Когда мы создали прицел, я был счастлив..."
Он сказал сие в день "Открытия Гельсингфорса". Верней, не "открытия" иначе я уподоблюсь кузену моему - "Просветителю"...
Дело было грязнее и проще. С незапамятных лет стоял Абосский Университет.
Потом грянула Шведская. Люди из Абвера, кого смогли - вывезли в Дерпт, а в Университете русские организовали конюшню. Зима в том году выдалась ранняя и богатейшая библиотека "древнего Або" была сожжена гревшимися казаками.
Десять лет все мы знали, что - вот эта часть Дерпта - "Дерпт", а вот эта вот - "Або"...
Когда ж жизнь среди финнов стала налаживаться, я (будучи Правителем как Финляндии, так и - Лифляндии) счел возможным вернуть финнам их Университет.
Я подал запрос в финский Парламент и рижскую Магистратуру. Многие удивились: "Зачем?" - а я отвечал:
- "У нас территория, временно отторгнутая у Европы. Ежели мы хотим остаться Европой - не надо и привыкать к деспотическим методам".
Возможно, это покажется удивительным, - но мне пришлось отвечать на вопросы, как финских депутатов Парламента, так и избранных представителей магистратуры, - "Зачем нам сей перевод?"; "Кто платит за разделение Университетов?"; "Куда именно переедет Университет и готовы ли помещения для занятий и проживания?".
Переезд растянулся на долгих пять лет строительства помещений, да жилищ для "будущих финнов", но никто не посмеет сказать, что мы "не учли народного мнения".
Русские были этому недовольны.

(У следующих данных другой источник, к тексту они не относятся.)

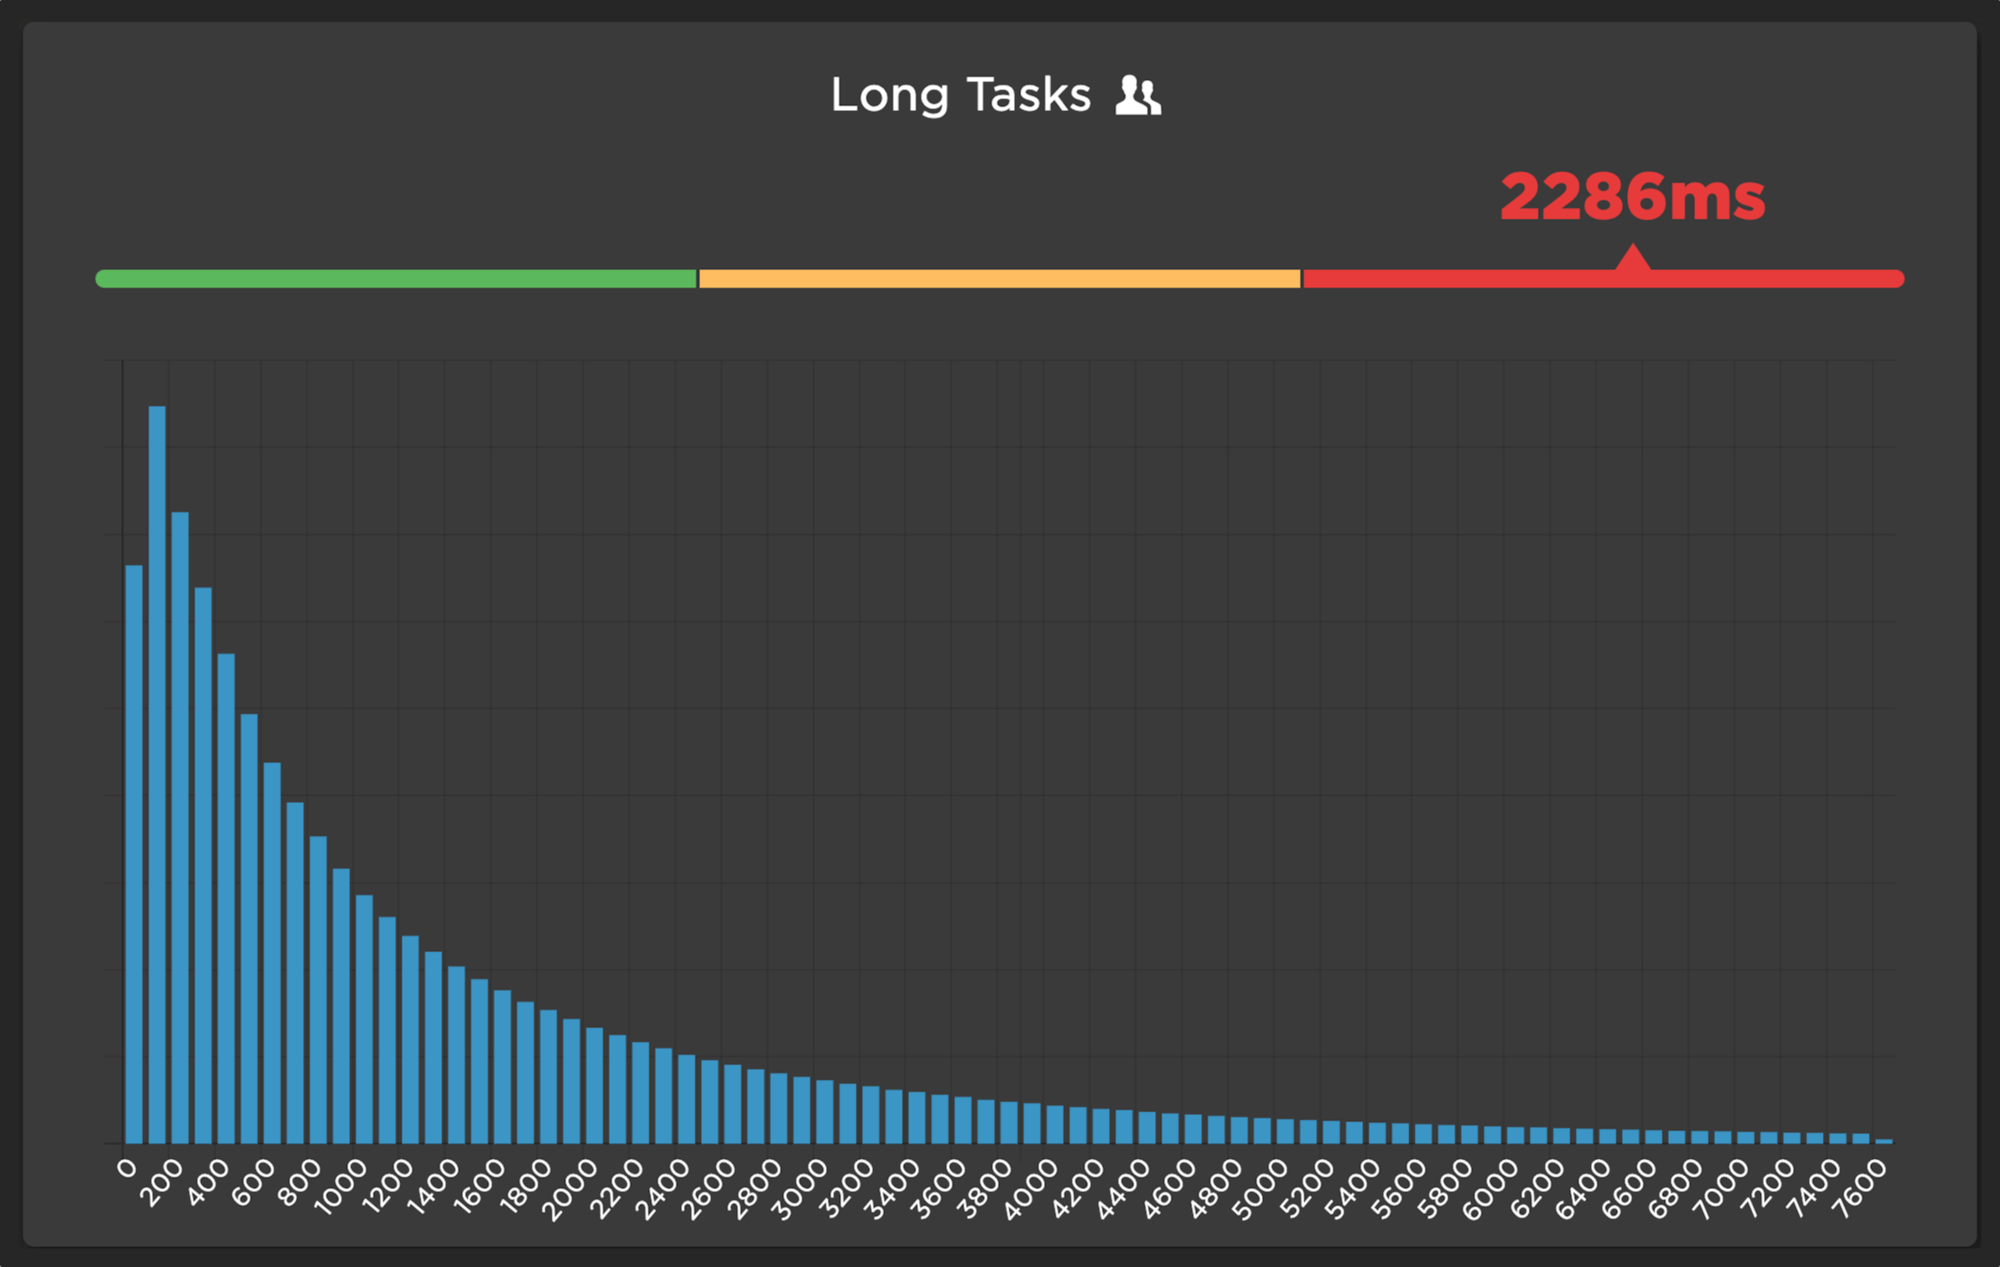 Distribution showing time spent on long tasks from SpeedCurve RUM
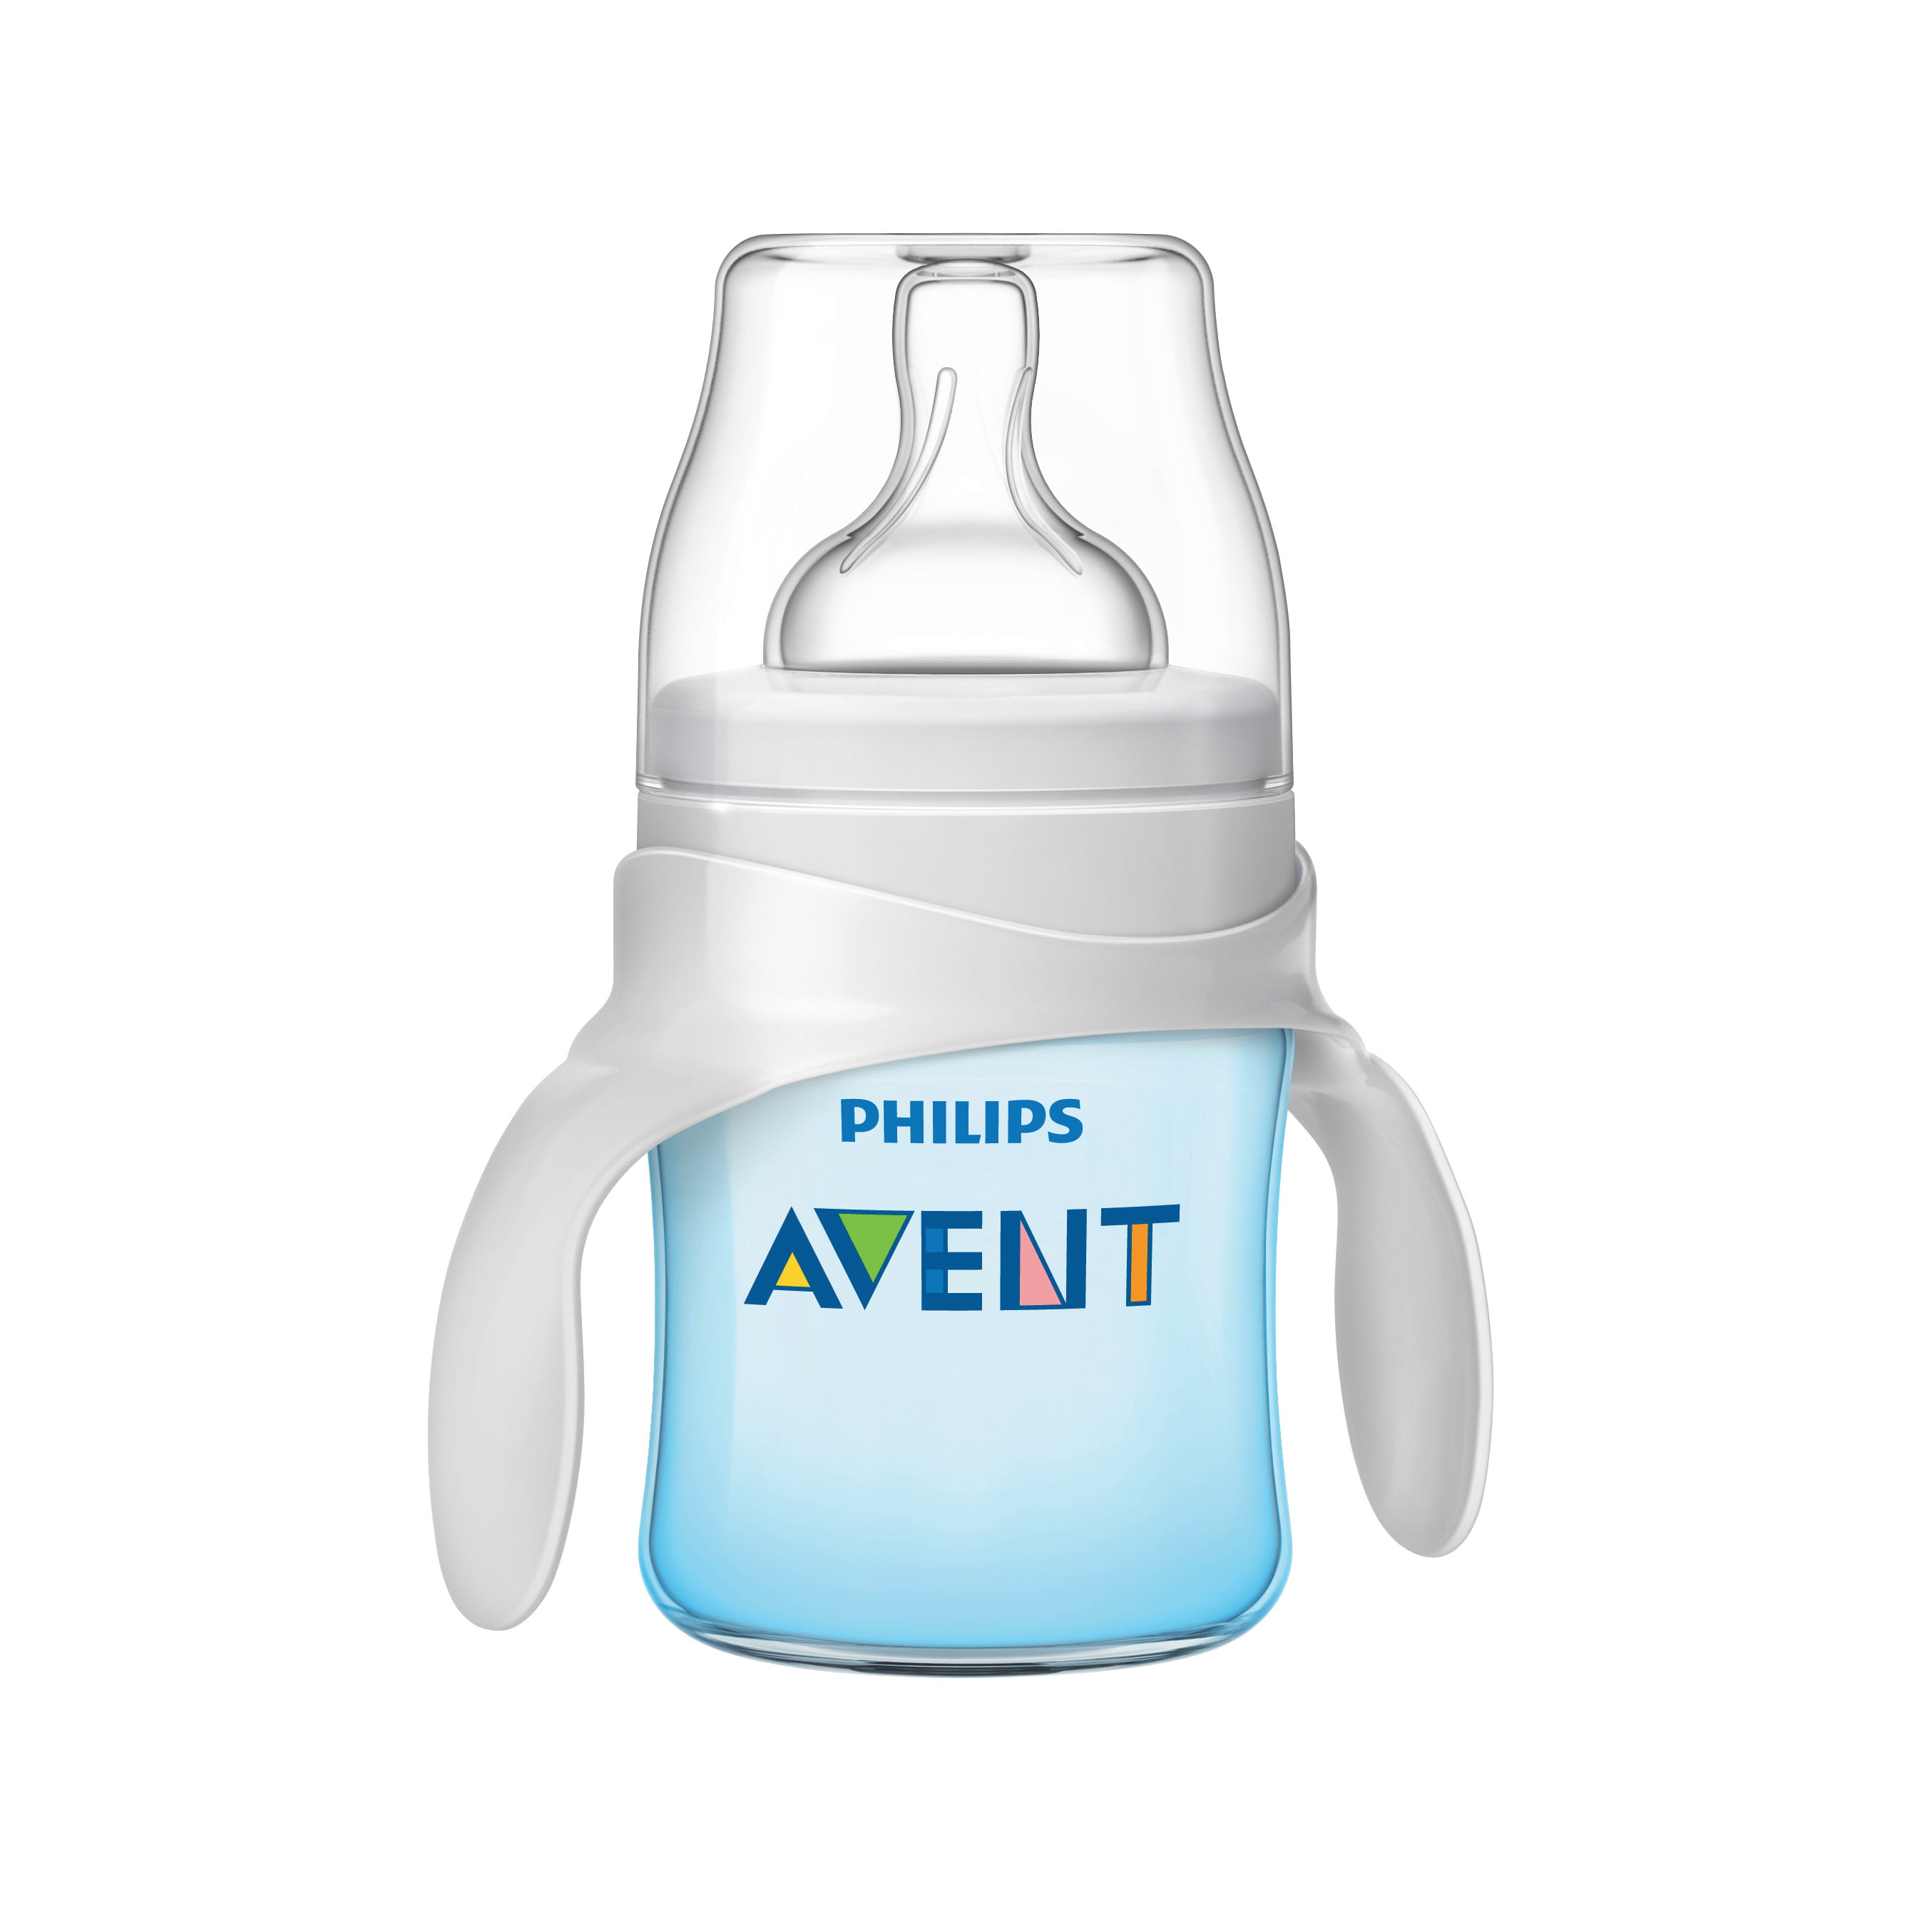 sippy cups to transition from bottle

Они говорили: "Балуете Вы своих подданных. Ничего б не случилось, если бы финны остались без Университета". "Ну, решили Вы - чего народ спрашивать? Сделали б, как Великий Петр создали на пустом месте и точка!"
Русским этого не понять, но именно такое противодействие "оккупантов" вызвало самую горячую помощь народов всех моих стран, кои воссоздавали погибший Университет - как могли. Кто-то работал бесплатно, кто-то собирал книги в новую библиотеку, а кто-то жертвовал деньги.
Я добился самого главного - "день Открытия Гельсингфорса" вылился во всенародное празднование. Народ вышел на улицы "в праздничном", на всех домах, во всех окнах были выставлены финские флаги, а на Университетской площади стояли мои егеря и роты эстонского "кайтселийта" с эстляндскими и "латвийскими" крестами и стягами.
Я не пытался и не пытаюсь (в отличие от поляков и русских) сделать моих подданных "единой страной". Мало того - я всячески поддерживаю в них "национальную самость". И в отличие от поляков и русских подданные мои стали "единой семьей" при том, что не слились в "единое целое".
И вот в такой день мы стояли у распахнутого окна Гельсингфорсского Университета, а с улицы лилась победная музыка и над гуляющими людьми полоскались финские флаги.
Я спросил у "пленного шведа":
- "Вы по-прежнему ненавидите нашу Империю?"
Гадолин долго стоял у окна, смотрел на празднующий народ, слушал музыку. Он стоял, слушал, а на глазах его были слезы:
- "Да. Ибо вот это все", - он обвел рукой пространство под окнами, "не Империя. Это - вопреки, но не благодаря ей. Это - то, во имя чего мы с Тобой воевали.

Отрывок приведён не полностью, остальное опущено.